当前位置:网站首页>Esmfold: a new breakthrough in protein structure prediction after alphafold2
Esmfold: a new breakthrough in protein structure prediction after alphafold2
2022-07-26 23:00:00 【weixin_ four million five hundred and twenty-eight thousand thr】
just ,Meta AI Head of protein team Alexander Rives Announce the latest achievements on twitter ESMFold, High precision end-to-end atom level structure prediction can be carried out from single sequence of protein , Reasoning speed exceeds AlphaFold. This is by far the largest protein language model .
A year ago. ,DeepMind Open source AlphaFold2 Liandeng Nature、Science, Brush and explode creatures and AI educational circles . A year later ,Meta With an order of magnitude faster ESMFold coming . Not only fast , There are enough models 150 One hundred million parameters .

LeCun Tweet praise , This is a Meta-FAIR Great new achievements of protein team .

Work together Zeming Lin According to ,30 The big model with 100 million parameters is 256 individual GPU On training 3 A few weeks , and ESMfold stay 128 individual GPU Used it 10 God . as for 150 Billion parameter version , It's not clear yet .
He also said he , The code will definitely open source later , Stay tuned !
Big and fast !
today , Our main character is ESMFold, A sequence from a protein individual , Direct high accuracy 、 end-to-end 、 A model for predicting atomic hierarchy .

Address of thesis :https://www.biorxiv.org/content/10.1101/2022.07.20.500902v1
150 The benefits brought by 100 million parameters are needless to say —— Through training , Today's large models can predict the three-dimensional structure of proteins with atomic size accuracy .
In terms of accuracy ,ESMFold and AlphaFold2、RoseTTAFold almost .
however ,ESMFold Guess it's faster than AlphaFold2 One order of magnitude fast !
Let's talk about the order of magnitude. It may be difficult to understand the speed comparison between the three , Just look at the picture below .

What's the difference ?
although AlphaFold2 and RoseTTAFold We have made a breakthrough in the prediction of atomic resolution structure , But they also rely on the use of multiple sequence alignments (MSA) And similar protein structure templates to achieve the best performance .
by comparison , By using the internal representation of the language model ,ESMFold Using only one sequence as input, the corresponding structure prediction can be generated , Thus, the speed of structure prediction is greatly accelerated .

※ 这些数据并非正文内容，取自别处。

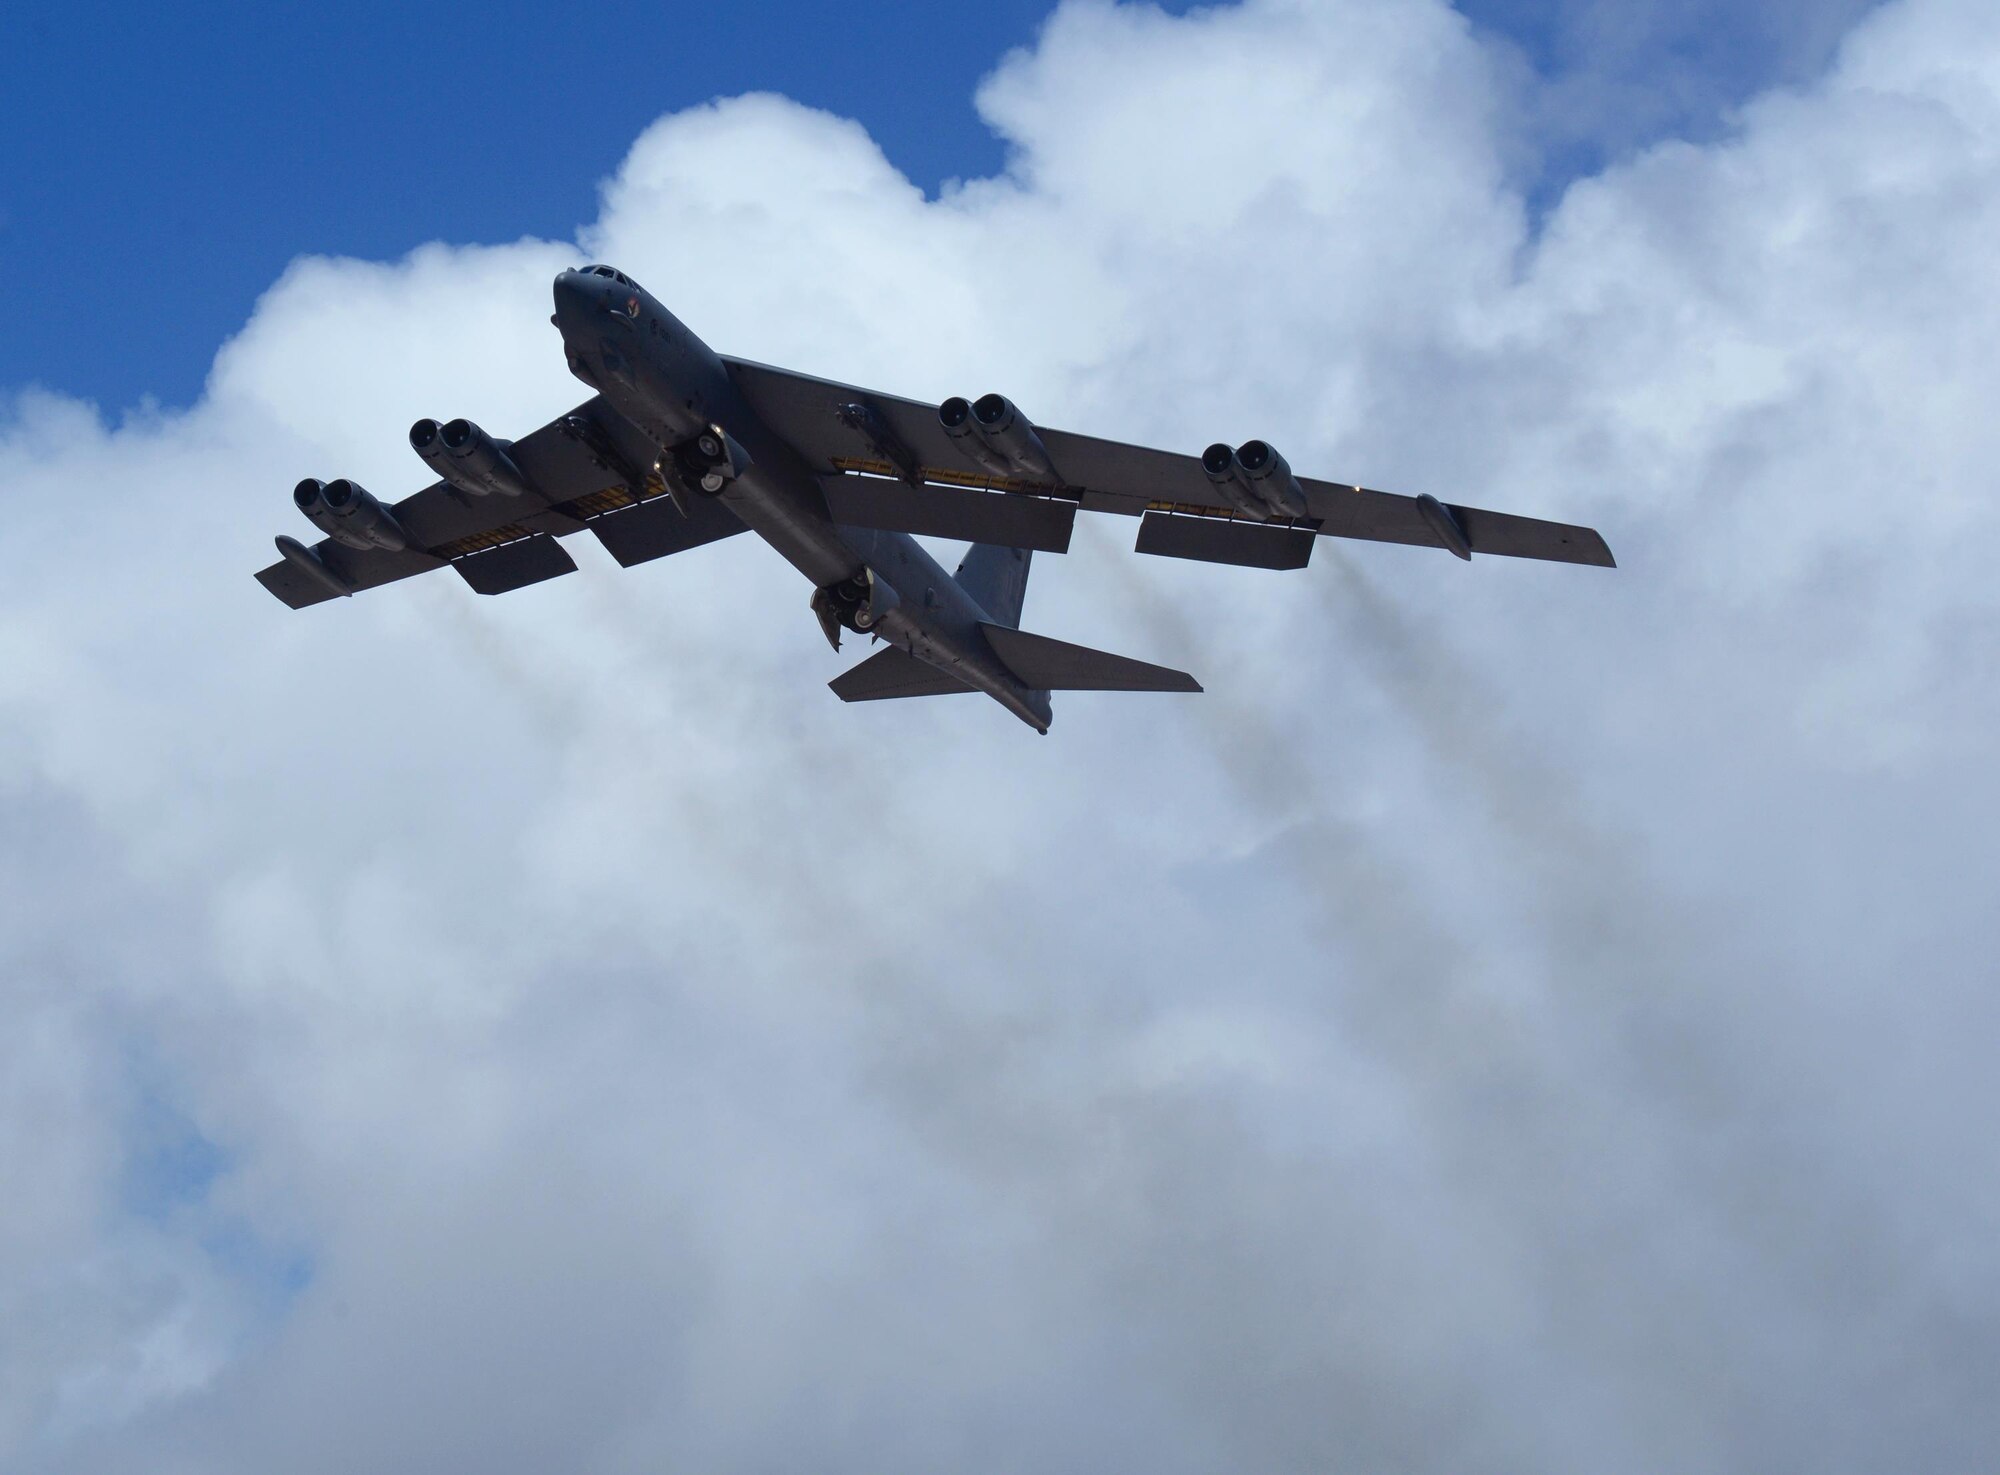 A U.S Air Force B-52 Stratofortress bomber from Minot Air Force Base, North Dakota, takes flight June 16, 2016, at Andersen Air Force Base, Guam. The aircraft is deployed in support of U.S. Pacific Command’s Continuous Bomber Presence operations. These aircraft and the men and women who fly and support them provide a significant capability that enables U.S. readiness and commitment to deterrence, provides assurances to allies, and strengthens regional security and stability in the Indo-Asia-Pacific region. (U.S. Air Force photo by Airman 1st Class Alexa Ann Henderson/Released)

The researchers found that ,ESMFold The prediction of low complexity sequences is equivalent to the most advanced models .
and , The accuracy of structure prediction is closely related to the complexity of language model , in other words , When language models can better understand sequences , You can better understand the structure .

at present , There are billions of protein sequences whose structures and functions are unknown , Many of them come from metagenome sequencing .
utilize ESMFold, Researchers need only 6 Hours , It can be folded 100 Random samples of 10000 metagenomic sequences .

A large part of them have high confidence , And unlike any known structure ( There is no record in the database ).
The researchers believe that ,ESMFold It can help understand the protein structure beyond cognition .

Besides , because ESMFold The prediction speed of is one order of magnitude faster than the existing models , So researchers can use ESMFold To help bridge the gap between the fast-growing protein sequence database and the slow-moving protein structure and function database .
150 Billion parameter protein language model
Next, let's talk about it in detail Meta This brand new ESMFold.
ESM-2 It's based on Transformer The language model of , And use the attention mechanism to learn the interaction mode between paired amino acids in the input sequence .
Compared with the previous generation model ESM-1b,Meta On the model structure 、 Training parameters have been improved , And add computing resources and data . meanwhile , Relative position embedded addition , So that the model can be extended to sequences of arbitrary length .
From the results , have 1.5 One hundred million parameters ESM-2 The model has 6.5 One hundred million parameters ESM-1b The model behaves better .
Besides , On the basis of structural prediction ,ESM-2 It also surpasses other protein language models . This performance improvement is consistent with the laws established in the field of large-scale language modeling .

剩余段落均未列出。